It started with tapping: a snare drum repeating itself, over and over again. An electric guitar followed, fighting to be heard over the incessant gnashing of drumstick against bass drum. A cymbal clashed with a piano's keys.
The caterers, setting up in another room, clinked glasses together, while above them, a looped video projected images of luxury onto the stucco walls.
"Yep, yep, yep, yep, yep, yep," yodeled a production engineer into a microphone, a strange, we thought, way of testing its sound. (Whatever happened to good ol' "Testing: 1, 2, 3?")
We had arrived very early to The Bell Tower on 34th Street (normally a wedding chapel), getting ourselves a sneak peek to what would later be "Verses & Flow," a traveling music and spoken-word showcase presented by Lexus. Seeing how the luxury car maker's insignia was posted into every nook and cranny of the venue, that fact was not forgotten.
This disharmonic clanging went on for nearly an hour. Right before the noise became completely maddening, though, a pretty-sounding strand of piano chords took over, and sanity was restored.
While the band continued to warm up, we got a chance to talk with Topper Overton, media representative, about what was to happen later that night.
"'Verses & Flow' is an eight-episode miniseries shown on TV One," Overton explained to us. "It focuses on the resurgence of spoken word and neo-soul."
According to Overton, "Verses & Flow" show is in its third season. This is its first stop in Houston. Previous cities have included Philadelphia, Dallas, Chicago and Atlanta.
"The point is to reach out to communities where poetry is large," she said.
With an art and music scene that is practically bubbling over, the series definitely came to the right place.
Hours later, "Verses and Flow" went off without a hitch.

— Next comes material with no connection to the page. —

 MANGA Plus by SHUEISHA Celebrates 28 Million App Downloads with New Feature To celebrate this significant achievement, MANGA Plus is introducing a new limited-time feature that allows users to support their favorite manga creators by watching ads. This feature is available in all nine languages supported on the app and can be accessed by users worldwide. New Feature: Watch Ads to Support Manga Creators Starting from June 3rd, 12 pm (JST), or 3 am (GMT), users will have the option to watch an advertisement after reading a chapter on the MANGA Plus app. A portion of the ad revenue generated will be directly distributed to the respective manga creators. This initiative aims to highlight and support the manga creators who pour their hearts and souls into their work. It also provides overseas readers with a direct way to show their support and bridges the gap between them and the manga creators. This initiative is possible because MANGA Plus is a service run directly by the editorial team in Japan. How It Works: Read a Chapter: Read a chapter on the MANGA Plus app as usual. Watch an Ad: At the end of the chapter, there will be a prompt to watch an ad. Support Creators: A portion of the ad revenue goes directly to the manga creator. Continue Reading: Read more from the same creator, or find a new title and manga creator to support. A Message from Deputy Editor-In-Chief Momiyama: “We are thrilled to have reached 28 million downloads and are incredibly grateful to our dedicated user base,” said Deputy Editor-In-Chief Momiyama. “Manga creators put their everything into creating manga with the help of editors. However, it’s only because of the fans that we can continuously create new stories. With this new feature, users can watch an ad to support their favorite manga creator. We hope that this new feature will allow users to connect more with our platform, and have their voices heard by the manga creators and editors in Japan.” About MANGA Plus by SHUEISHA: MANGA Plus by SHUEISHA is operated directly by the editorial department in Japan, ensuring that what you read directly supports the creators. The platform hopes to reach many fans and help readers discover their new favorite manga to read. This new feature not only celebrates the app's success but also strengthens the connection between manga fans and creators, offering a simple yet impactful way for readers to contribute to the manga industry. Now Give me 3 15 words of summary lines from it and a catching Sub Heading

With the neutral decor of the building transformed into a sensual purple hue courtesy of the plum furniture and lighting, the way was made for a night of spoken word and song, hosted by famed poet Omari Hardwick, who started things with a poem cypher with Jovan Johnson. Johnson, who has been featured in seasons one and two of "Verses and Flow," followed with his own duet of poems, the first a humorous ode to women ("10 Reasons Women Are Like Religion"), and the other a touching story about his four-year-old nephew.

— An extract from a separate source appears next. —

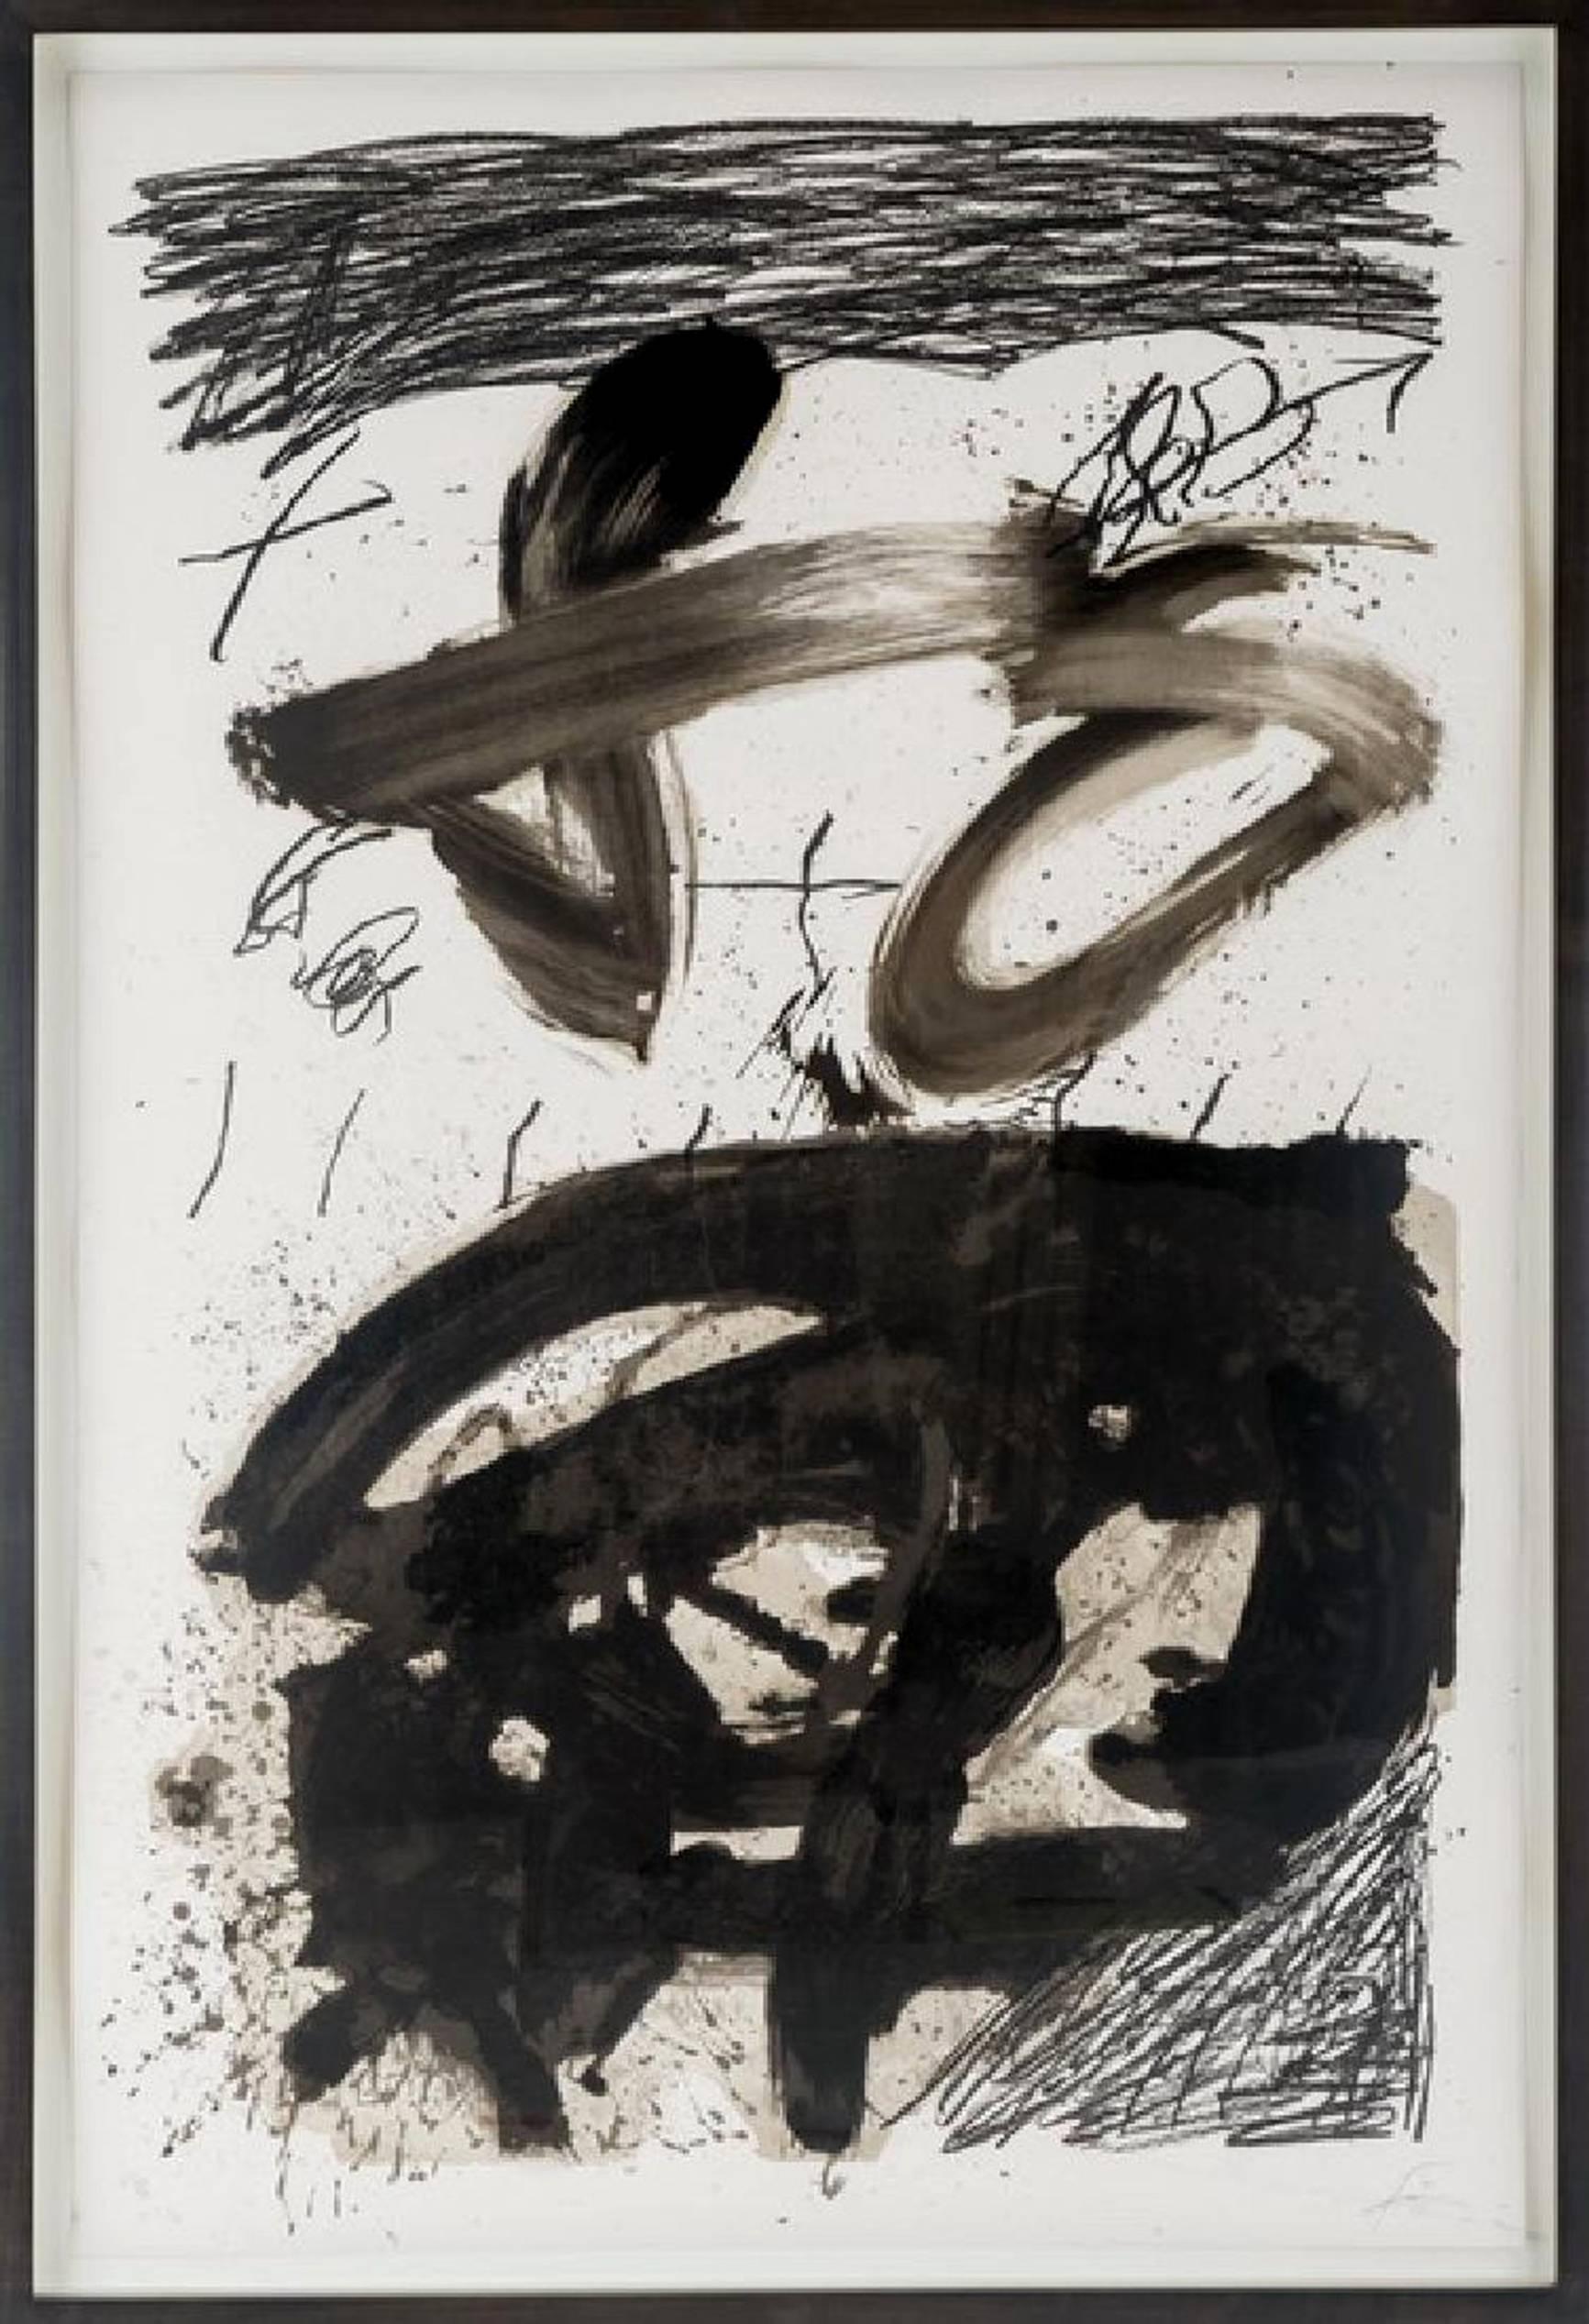 Calligraphique - Gray Abstract Print by Antoni Tàpies

Between cocktail hour and the start of the show, we enjoyed the impromptu Soul Train line, Electric Slide and danceoff performed by a quartet of drunken revelers. Others may have looked with disapproving eyes, but to us, their abandon was refreshing -- and honestly, surprising.

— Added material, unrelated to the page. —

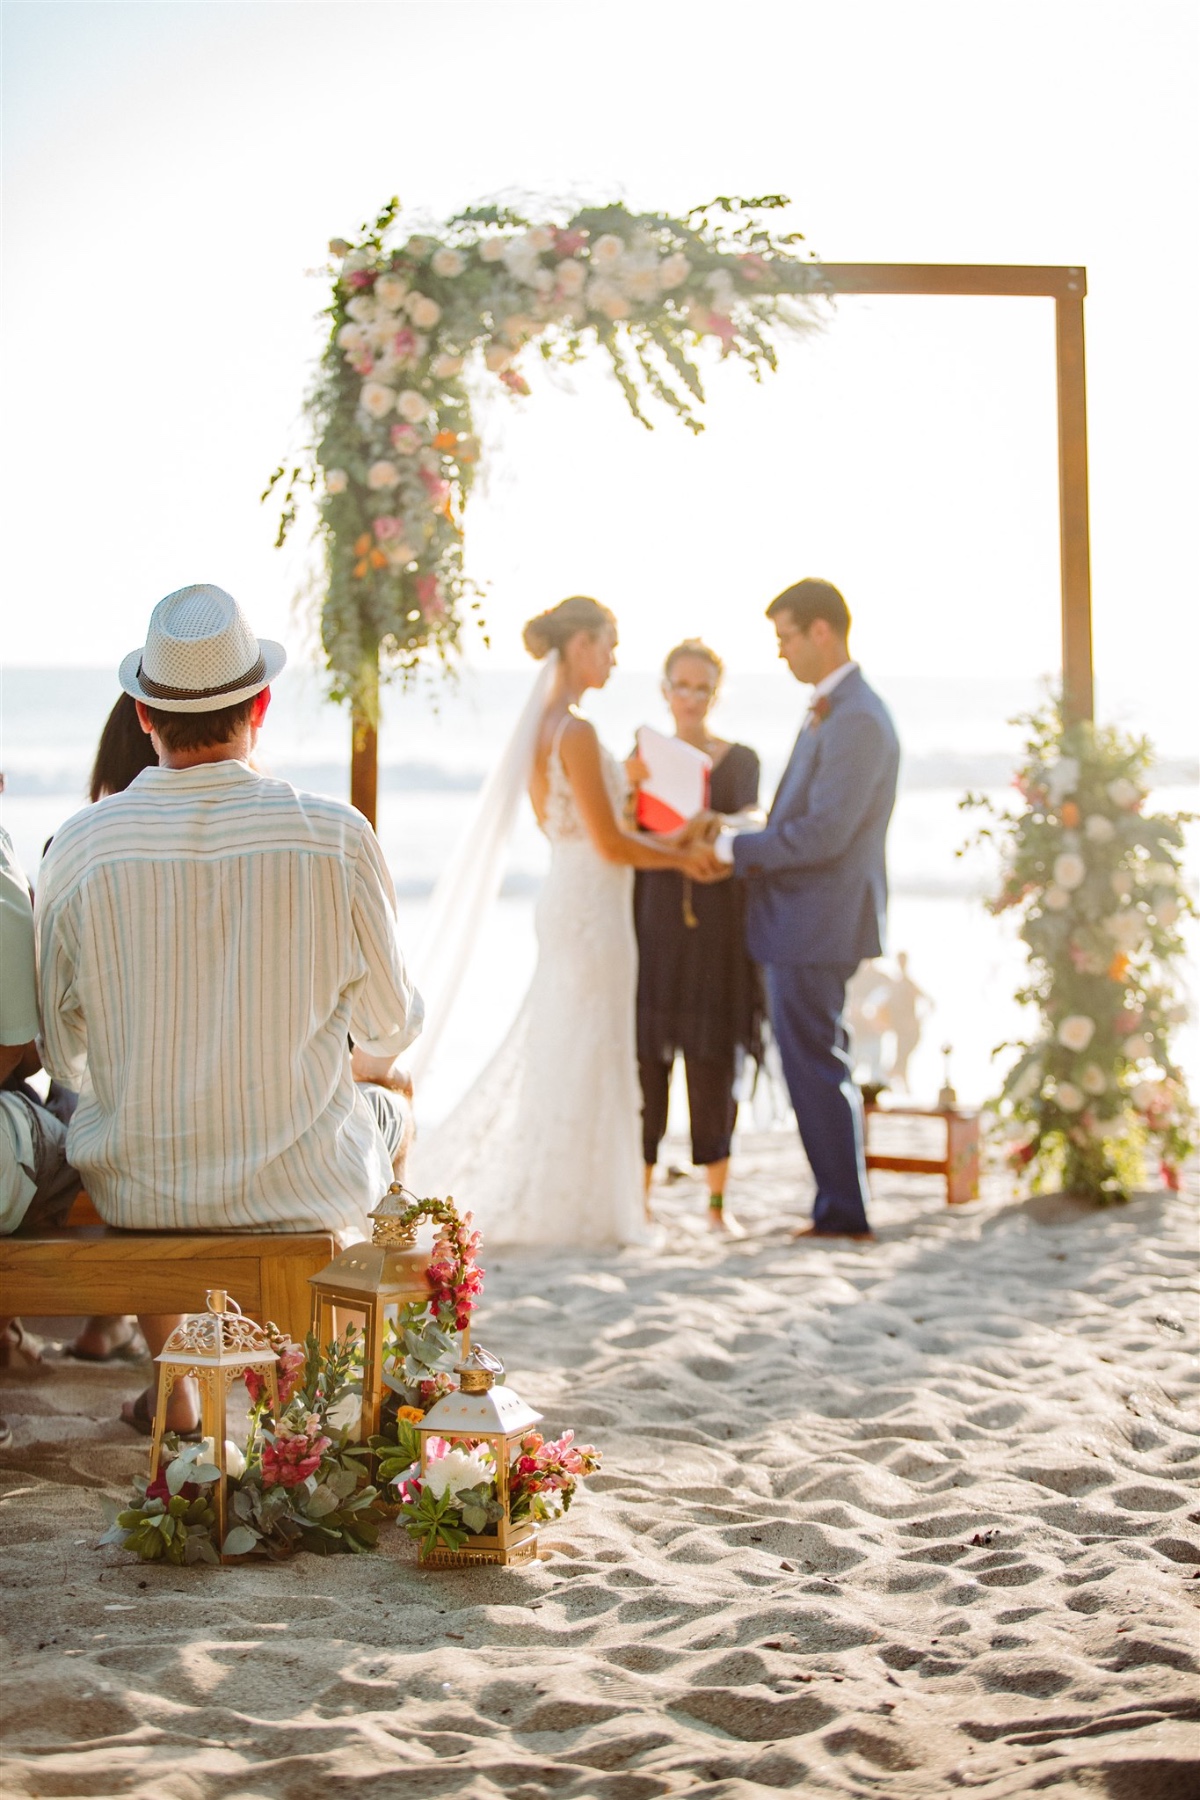 This Costa Rican Wedding Under the Palms Makes Us All Want to Lean Into That 'Pura Vida' Life

"We got another treat for you," Hardwick announced.
Each leg of the "Verses & Flow" tour also features a musical performance by a well-known neo-soul artist. Elle Varner, Carl Thomas, Macy Gray and Luke James have all previously been featured -- but tonight was just for Tank.
Without those imposing barricades that usually bar fans from getting too close to the artists, this mini-concert was a lot more intimate, even with the singer starting fast and hot with a lineup of tunes from his album, Now or Never.
Tank even took personal requests from front-row fans; the dialogue nearly caused one female fan to pass out. The singer saved the best for last, performing a quick but effectively panty-dropping sequence of his big hits: "Please Don't Go," a slower version of his current single, "Next Breath" and arguably the biggest, "Maybe I Deserve."
How fitting that Tank's love lyrics would prelude Valentine's Day.